Ground Steak

To two pounds of ground round or sirloin, work in three tablespoons of tomato paste, a teaspoon of Worcestershire sauce, and a well-beaten egg. Form into patties and grill or broil.

Salisbury Steak

When I was growing up in small-town Mississippi in the 1960s, TV dinners were a treat, something different from home-cooked, not better, really, just exotic, some indication that progress had come to the stagnant backwater of Bruce, Mississippi, if only by way of convenience foods. Frozen pizza held a similar glamour.

For a little over a dollar, we could buy fried chicken, meatloaf, or turkey and dressing with piped-in potatoes and neon peas in a space-age metal container, heat it in the oven, and eat them on the sheet-pan fold-away TV tables. I remember eating one the first time I saw “It’s the Great Pumpkin, Charlie Brown.” I was eight.

My favorite was the fried chicken, but brother Tom’s was Salisbury steak (as close as he could get to a hamburger). It’s named for James Salisbury, one of those impressive food faddists of the late 19th century whose ranks include Kellogg, Post, and Mary Grove Nichols (by far the coolest of this three.)

Salisbury advocated the same low-carb diet as Tarnower and Atkins (known now as paleo), his being very much meat-centered. Salisbury’s version of a “lean beef cake,” calls for meat “from the centre of the round” procured from “well-fatted animals that are from four to six years old,” but any lean is good.
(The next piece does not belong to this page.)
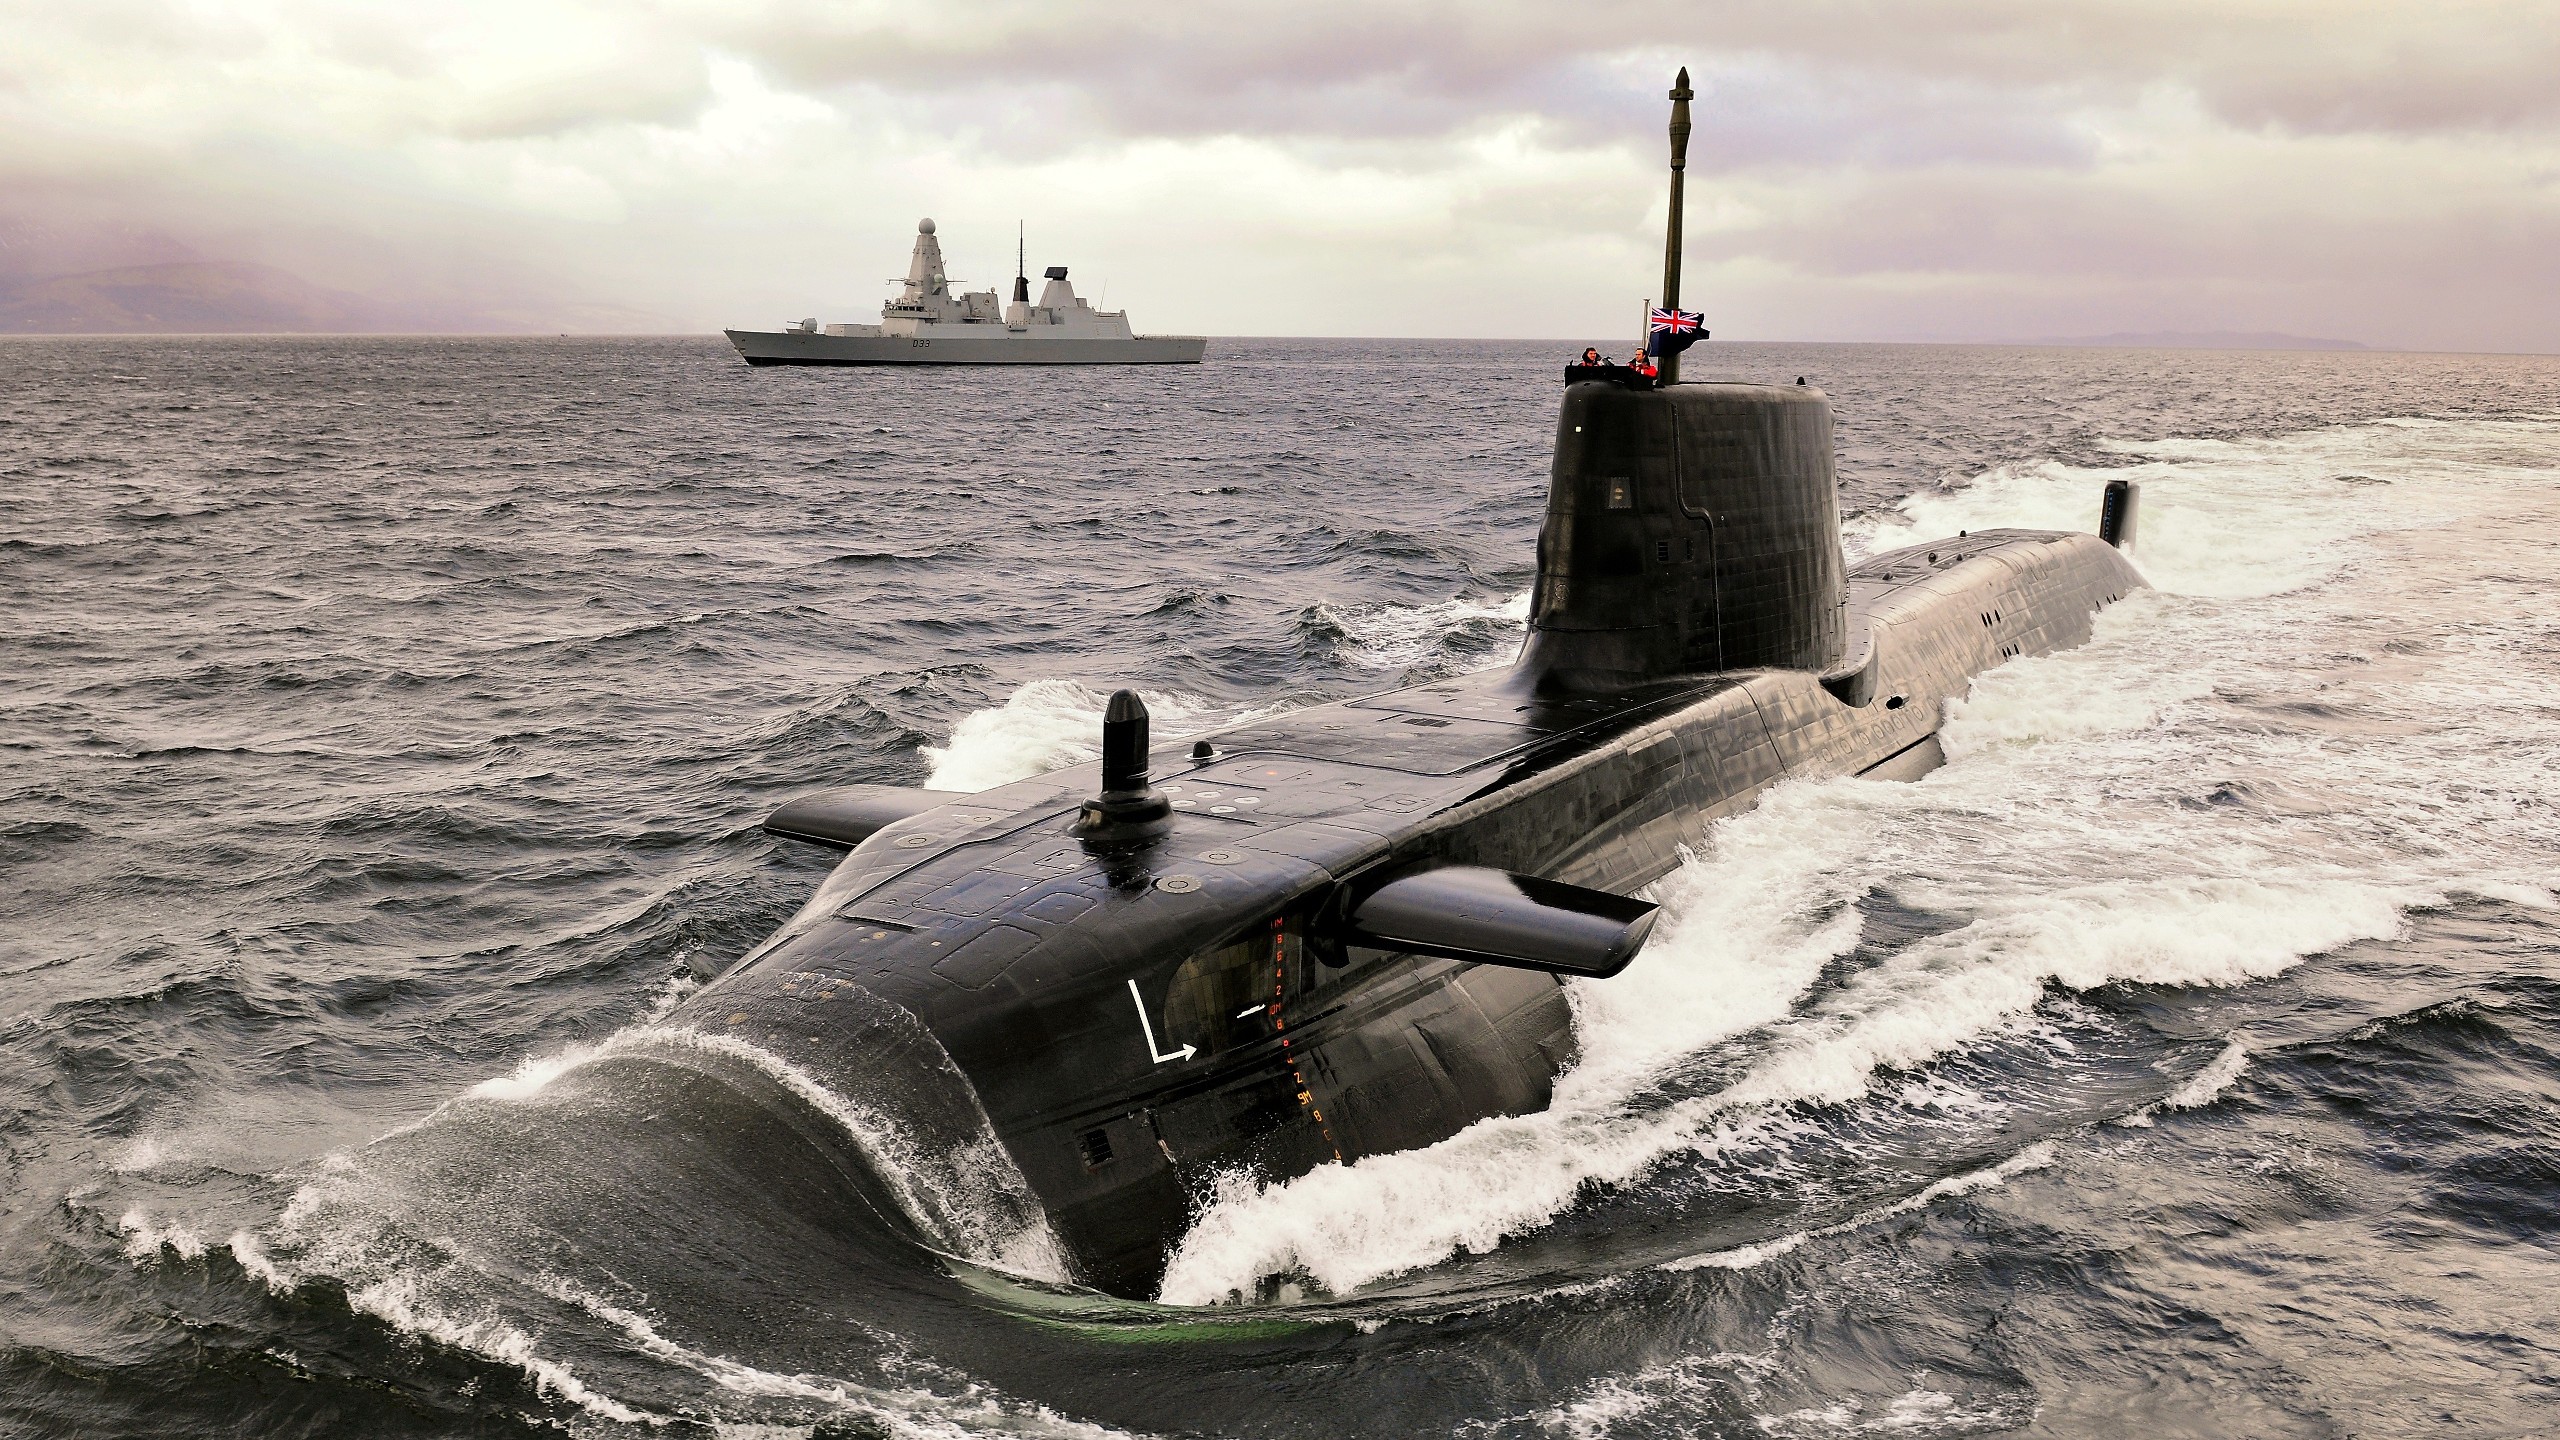 General 2560x1440 military submarine navy Astute-class submarine Royal Navy Destroyer ship sea military vehicle vehicle

For a pound of beef, add a quarter cup bread crumbs, and if you don’t have any of those little-bitty cans of tomato sauce, work in a generous squirt or two of ketchup along with a good dusting of black pepper. Don’t over-work the meat. Form into no more than four cakes about an inch thick. Cook in a low oven to medium well.

While this recommendation doesn’t fit the doctor’s diet, my optimal serving of Salisbury steak requires mushroom gravy (a light one), creamed potatoes with a little pitty-pat of butter, and green peas, just like Mother Swanson served.